Post by Ann » Mon Nov 06, 2023 7:20 am


The red stuff in today's APOD is easy to see, but can you find the one blue spot in this picture (apart from the lettering at lower right)?

Here it is:

APOD 6 November 2023 annotated.png

Blue Vega. Lovely Vega. If you see a picture of the Milky Way, and there is one blue star, bluer than anything else in the picture, close to but detached from the Milky Way, you can bet your boots it is Vega.

If you don't remember seeing a blue star in the sky, it's because Vega doesn't look blue to the naked eye. But look at it through a telescope, and its blue-white color is just jumping out at you. And in many RGB photographs of the northern Milky Way, the singularly blue hue of this beacon of the north is just ridiculously obvious.

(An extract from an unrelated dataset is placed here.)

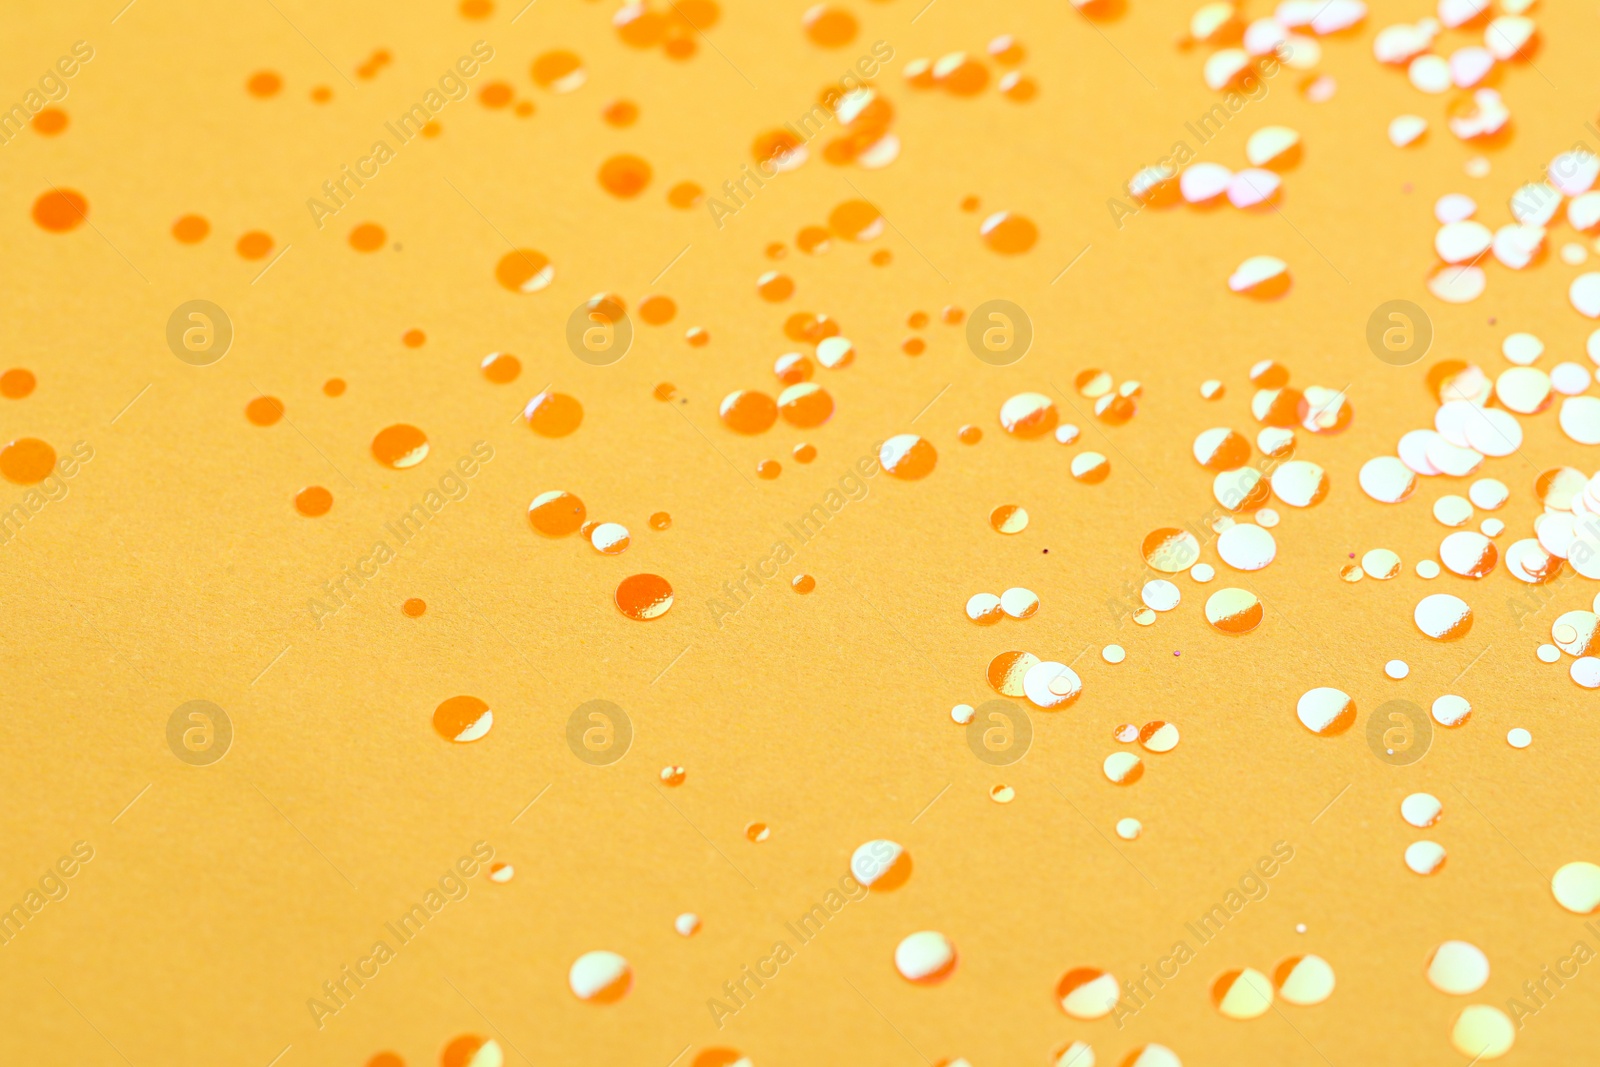 Photo of Shiny bright orange glitter on yellow background
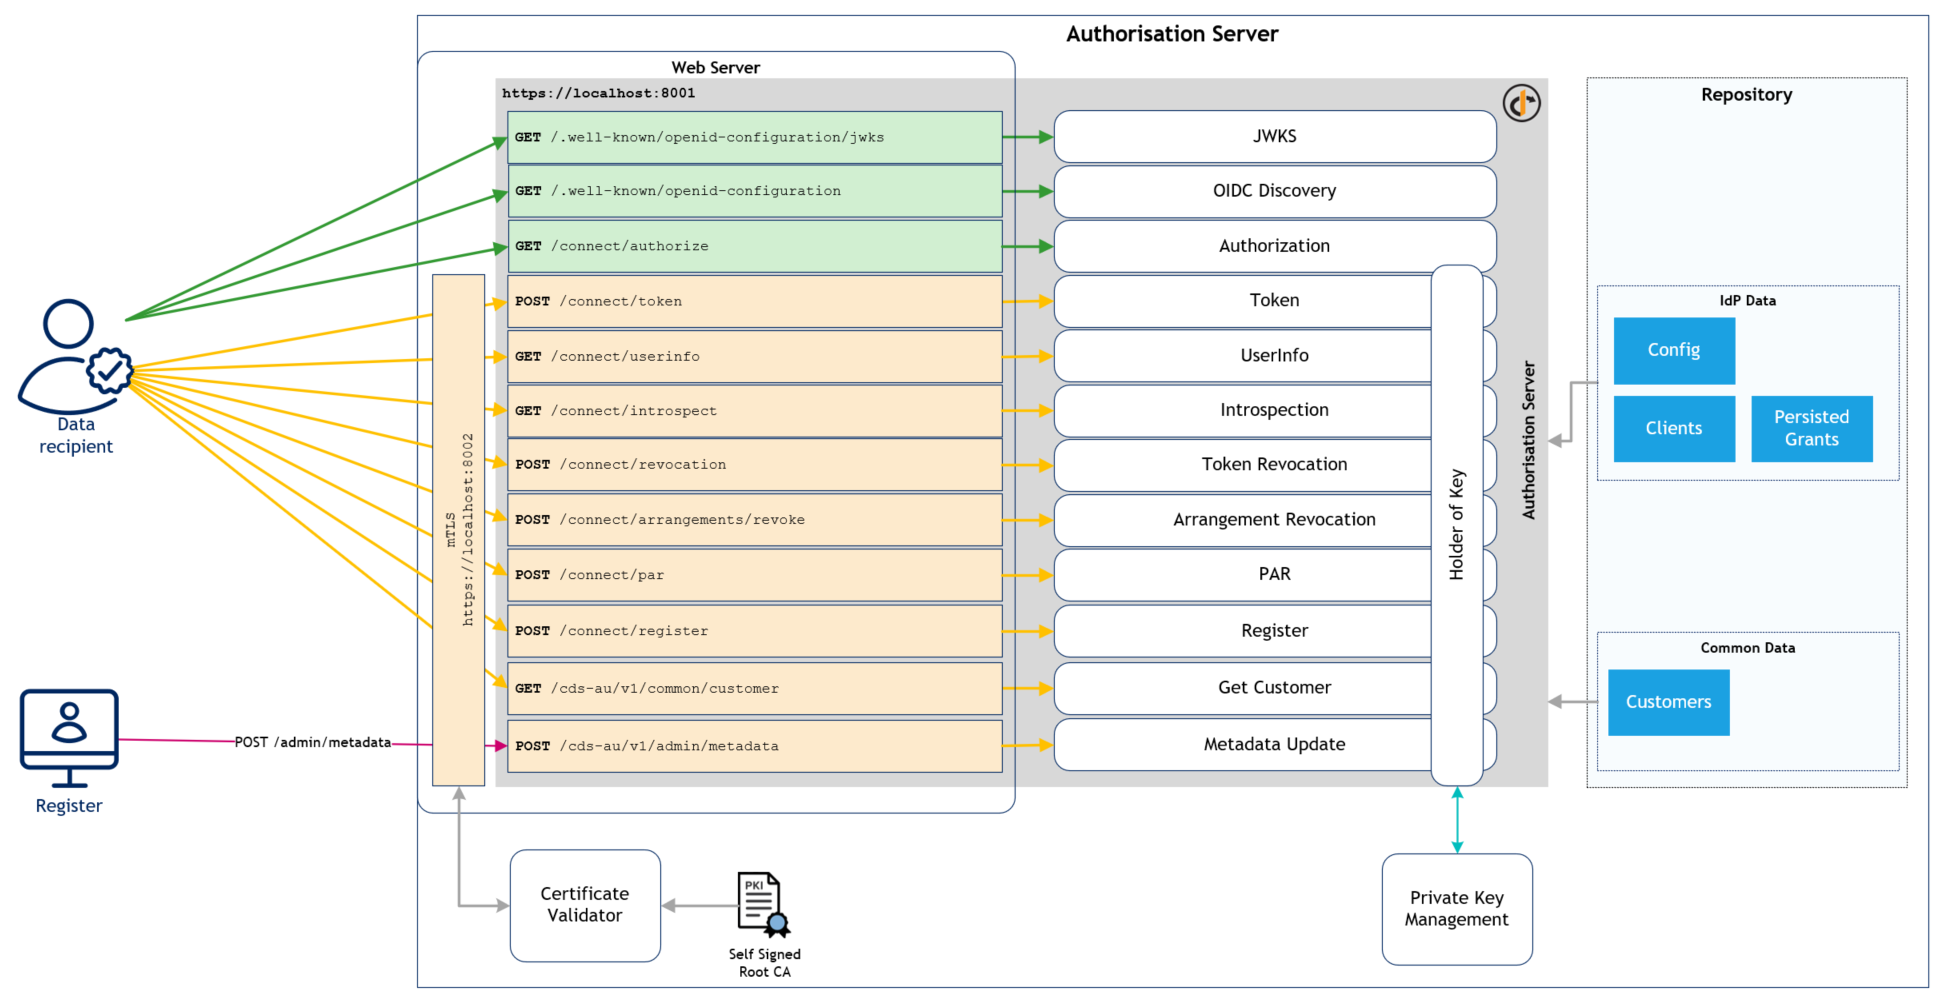 Authorisation Server - Architecture

And yet this blue star has been used for some 70 years as an astronomical standard of stellar whiteness! That's so horribly wrong!
Wikipedia wrote:

The UBV photometric system measures the magnitude of stars through ultraviolet, blue and yellow filters, producing U, B and V values, respectively. Vega is one of six A0V stars that were used to set the initial mean values for this photometric system when it was introduced in the 1950s. The mean magnitudes for these six stars were defined as: U − B = B − V = 0. In effect, the magnitude scale has been calibrated so that the magnitude of these stars is the same in the yellow, blue and ultraviolet parts of the electromagnetic spectrum. Thus, Vega has a relatively flat electromagnetic spectrum in the visual region—wavelength range 350–850 nanometers, most of which can be seen with the human eye—so the flux densities are roughly equal; 2,000–4,000 Jy. However, the flux density of Vega drops rapidly in the infrared, and is near 100 Jy at 5 micrometers.

So the magnitude scale has been calibrated so that the U-B and B-V indices of Vega are defined as zero. And Vega has a relatively flat spectrum in the visual region??? It emits the same amount of ultraviolet, blue and yellow-green light? Its light curve just suddenly drops off when we enter the infrared region?

NO!!!! It does not!

:facepalm:

And Vega's scientifically accredited (but totally inaccurate) stellar whiteness has led renowned astronomers to describe it as white even in captions of pictures plainly displaying its azure hue:


Okay! Vega does look white to the naked eye, I'll grant you that. But it sure looks blue in the picture, so why not mention that it looks blue through a telescope, and that a good camera will easily pick up its blue hue? It's like these people are denying what they are seeing.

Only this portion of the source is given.